I never said he wasn’t in pain. Just that he could manage it, if he’d only muster half the will he showed during the years he spent building his empire.
But what if she was wrong?
Even if I am, that doesn’t mean there’s some sort of living tennis ball inside him, sucking his pain the way a vampire sucks blood.
There were no vampires, and no gods of agony … but when the wind blew hard enough to make the big house shiver in its bones, such ideas seemed almost plausible.
Tonya came back with a broom that looked like it had never swept so much as a single pile of floor-dirt into a dustpan. The bristles were bright blue nylon. The handle was painted wood, about four feet long. She held it up doubtfully. ‘This what you want?’
‘I think it will serve,’ Rideout said, although to Kat he didn’t sound entirely sure. It occurred to her that Newsome might not be the only one in this room who had slipped a few cogs lately. ‘I think you’d better give it to our skeptical nurse. No offense to you, Mrs Marsden, but younger folks have quicker reflexes.’
Looking not offended in the slightest – looking relieved, in fact – Tonya held out the broom. Melissa took it and handed it to Kat.
‘What am I supposed to do with it?’ Kat asked. ‘Ride it?’
Rideout smiled, briefly showing the stained and eroded pegs of his teeth. ‘You’ll know when the time comes, if you’ve ever had a bat or raccoon in the room with you. Just remember: first the bristles. Then the stick.’
‘To finish it off, I suppose. Then you put it in the specimen bottle.’
‘As you say.’
‘So you can put it on a shelf somewhere with the rest of your dead gods?’
He didn’t respond to this. ‘Hand the spray can to Mr Jensen, please.’
Kat did so. Melissa asked, ‘What do I do?’

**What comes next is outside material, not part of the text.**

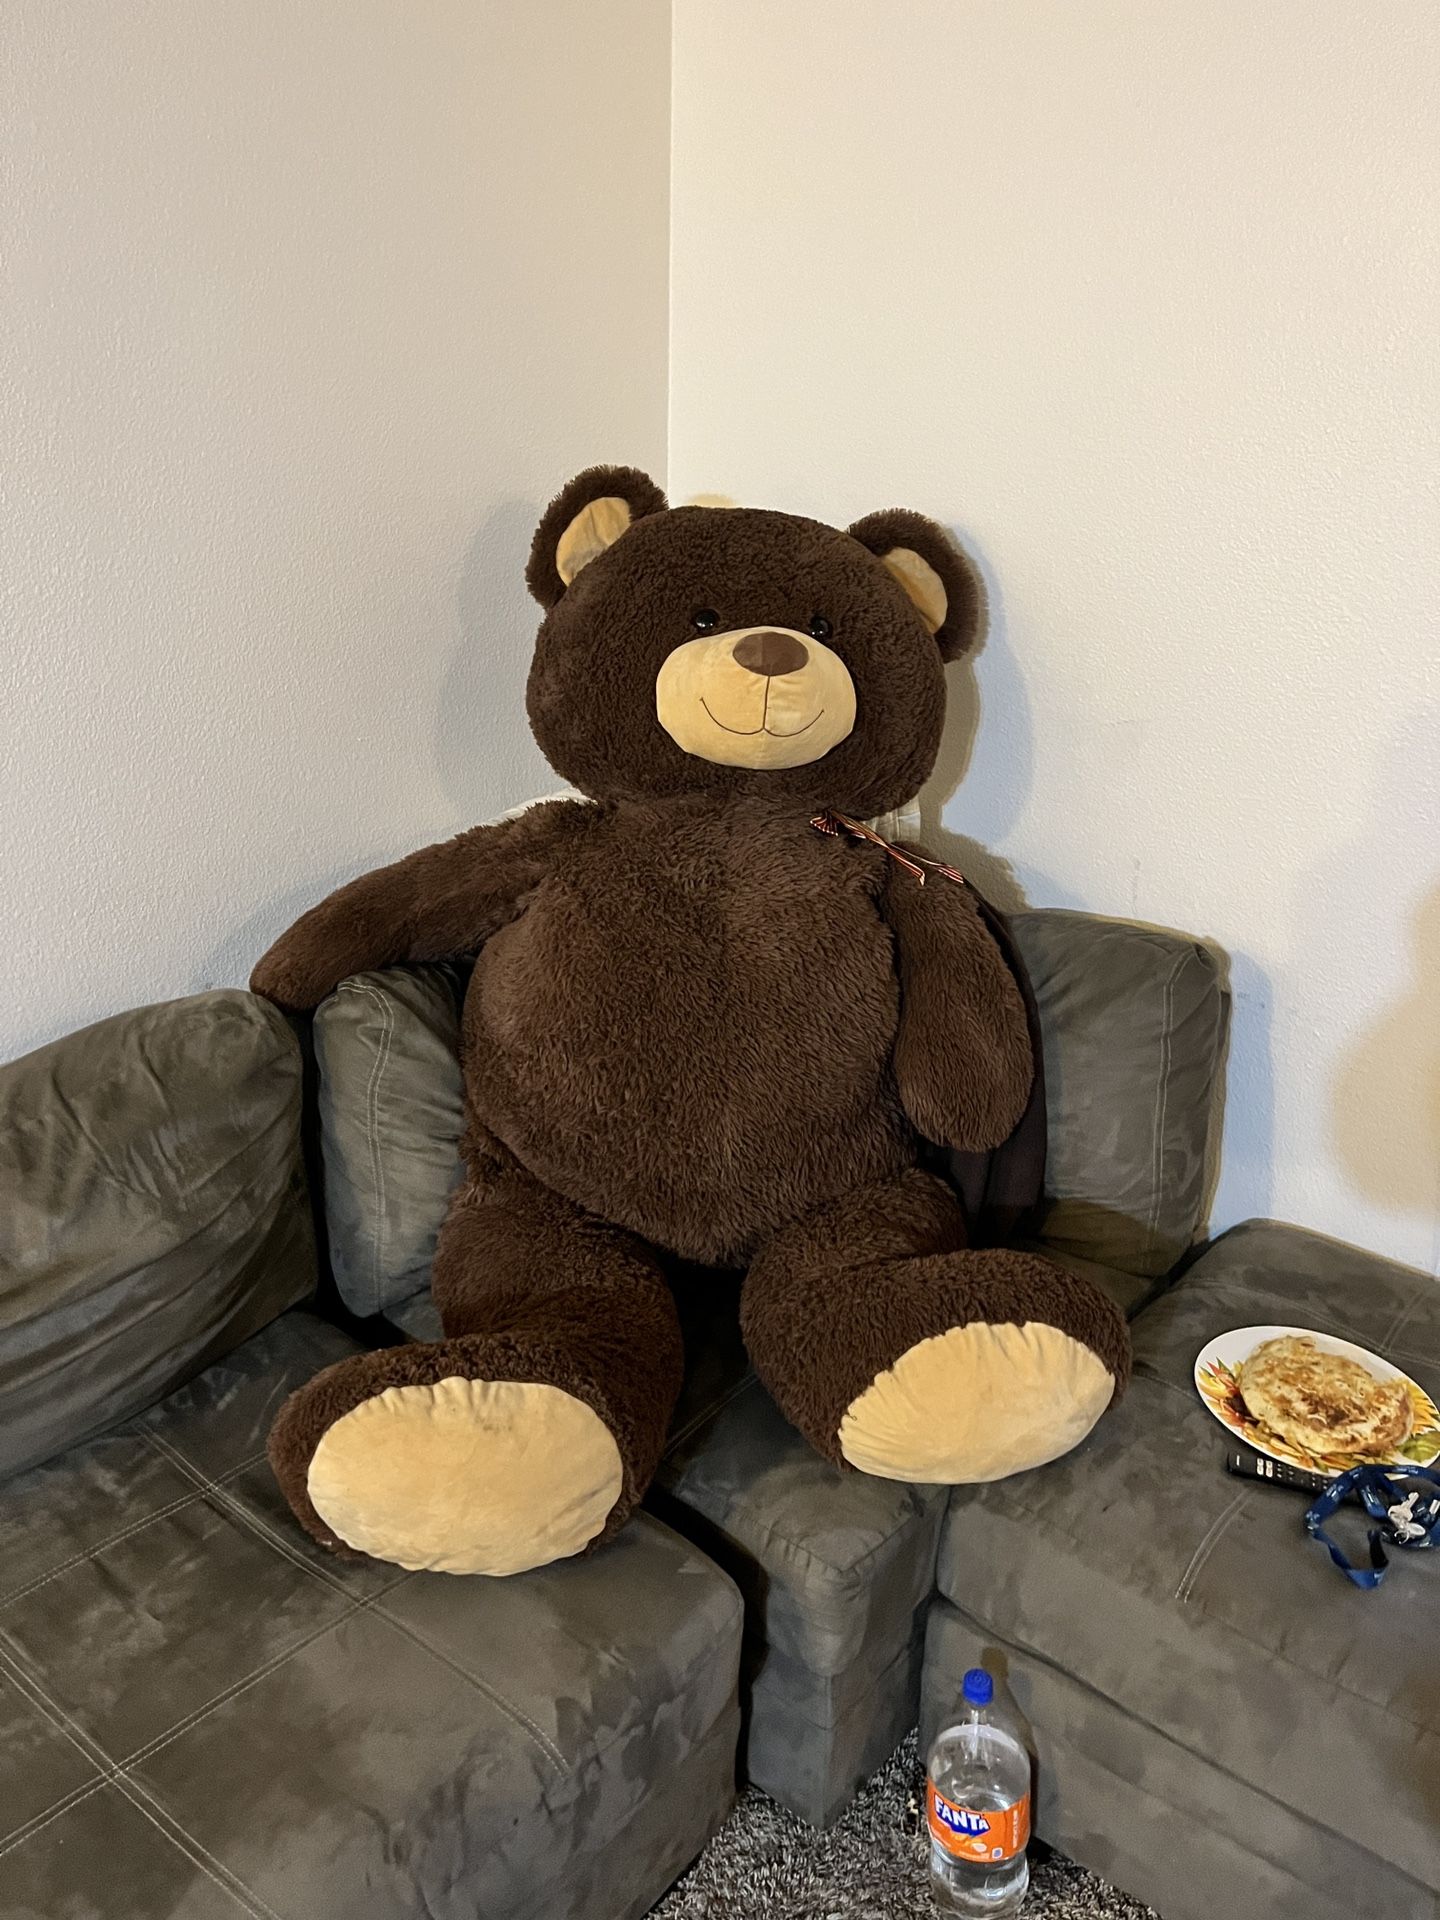 Da Bear from Teddy

‘Watch. And pray, if you know how. On my behalf, as well as Mr Newsome’s. For my heart to be strong.’
Kat, who saw a fake heart attack coming, said nothing. She simply moved away from the bed, holding the handle of the broom in both hands. Rideout sat down beside Newsome with a grimace. His knees popped like pistol shots.
‘Listen to me, Mr Jensen.’
‘Yes?’
‘You’ll have time – it will be stunned – but be quick, just the same. As quick as you were on the football field, all right?’
‘You want me to Mace it?’
Rideout once more flashed his brief smile, but Kat thought he really did look ill. ‘It’s not Mace – that’s illegal even where I come from – but you’ve got the idea, all right. Now I’d like silence, please.’
‘Wait a minute.’ Kat propped the broom against the bed and ran her hands first up Rideout’s left arm, then his right. She felt only plain cotton cloth and the man’s scrawny flesh beneath.
‘Nothing up my sleeve, Miss Kat, I promise you.’
‘Hurry up,’ Newsome said. ‘This is bad. It always is, but the goddam stormy weather makes it worse.’